If PHP were to ship in this way then CMS and Frameworks could choose to add 
WASM to their list of required or recommended extensions, as it sounds like 
from Dennis Snell's really excellent messages that WordPress would likely want 
to do that:

- 
https://make.wordpress.org/hosting/handbook/server-environment/#php-extensions 
<https://make.wordpress.org/hosting/handbook/server-environment/#php-extensions>
- https://laravel.com/docs/11.x/deployment#server-requirements 
<https://laravel.com/docs/11.x/deployment#server-requirements> 
- 
https://www.drupal.org/docs/getting-started/system-requirements/php-requirements#extensions
 
<https://www.drupal.org/docs/getting-started/system-requirements/php-requirements#extensions>
 

Once CMS & Frameworks are empowered to use WASM as part of their core offering 
then they could start recommending WASM and managed web hosts that want to 
cater to their users would start offering WASM enabled on their platforms.

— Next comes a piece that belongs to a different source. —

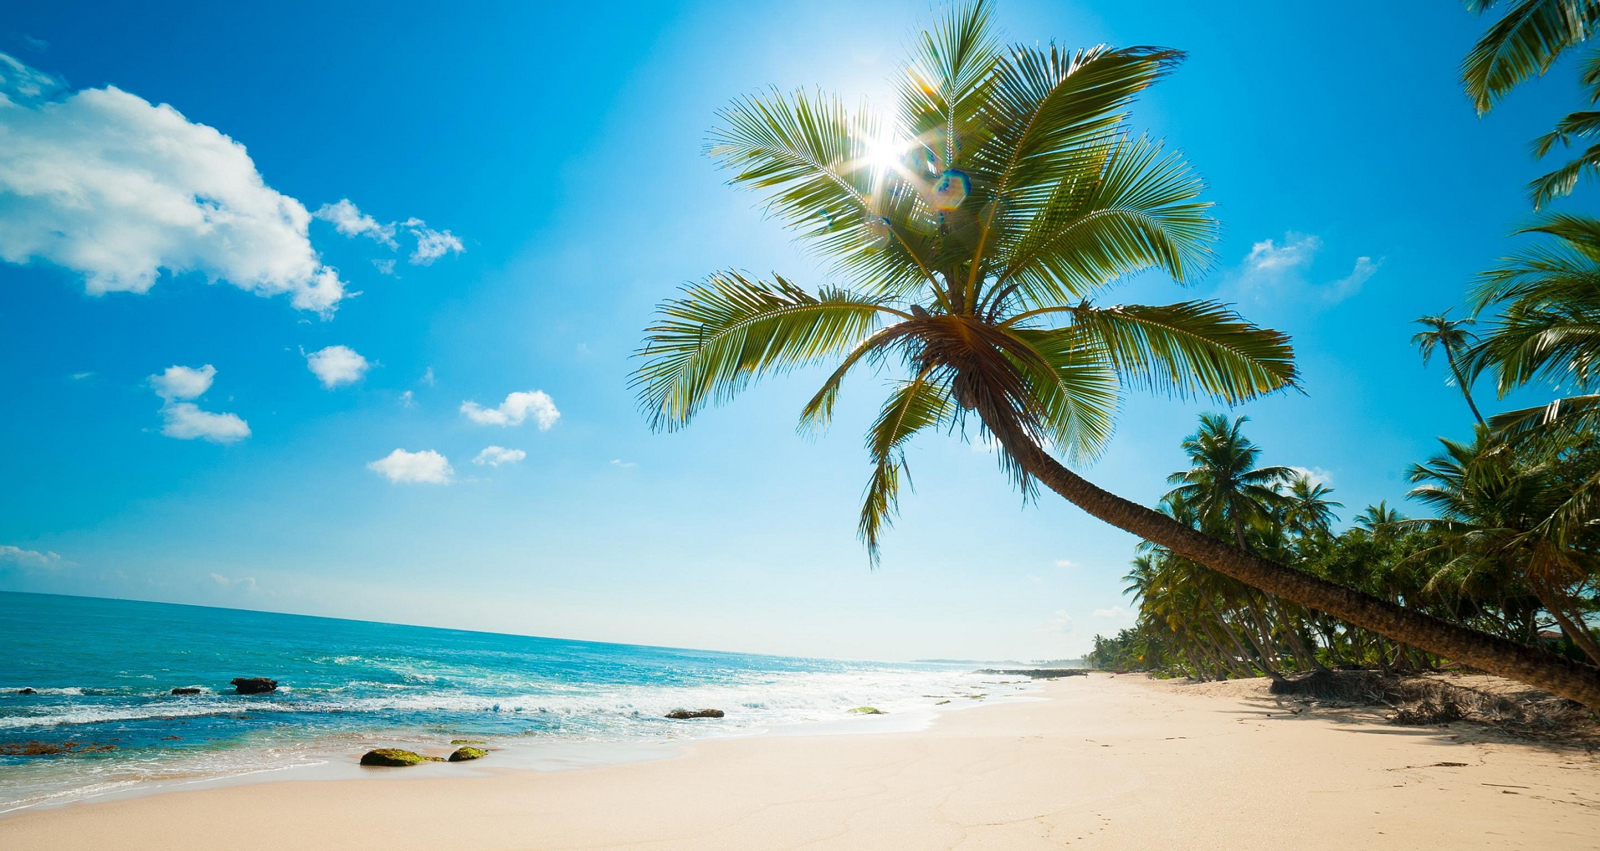 Bài Dài, Phú Quốc đã từng được bình chọn là một trong 13 bãi biển hoang sơ và đẹp nhất thế giới

BTW, very few CMS or Frameworks make any extensions not referenced in 
production.ini as requirements, and for very good reason because doing so would 
be too risky. 

> They are what is sometimes referred to as "bundled extensions", which just 
> means they have source code in the php-src repository, and get new releases 
> at the same time as PHP. Being in that list doesn't mean managed hosts have 
> to provide them (who would force them?) and not being in that list doesn't 
> mean managed hosts can't provide them (it's as easy to install "php-mongodb" 
> on Ubuntu as "php-mysqli", even though one is "bundled" and the other hosted 
> on PECL).
> 
> Being "bundled" may be interpreted as something of a "stamp of approval", 
> indicating that an extension is mainstream and stable. That's something that 
> has to be earned - many extensions started out in their own projects, with 
> releases listed on PECL or elsewhere, and were proposed for adoption into the 
> php-src repo once they became stable.
> 
> Which is why I say your energies for now are best spent on a project like 
> extism, or wasmer-php - build that stable extension, and then we can discuss 
> whether it would be beneficial to adopt it into the php-src repo.

Then let us redirect our discussion as to whether it would be beneficial to 
adopt wasmer-php into php-src repo, an objective list of reasons it would not, 
if not, and an objective list of things it could do to resolve those 
objections. 

That would be much more productive than debating hypotheticals.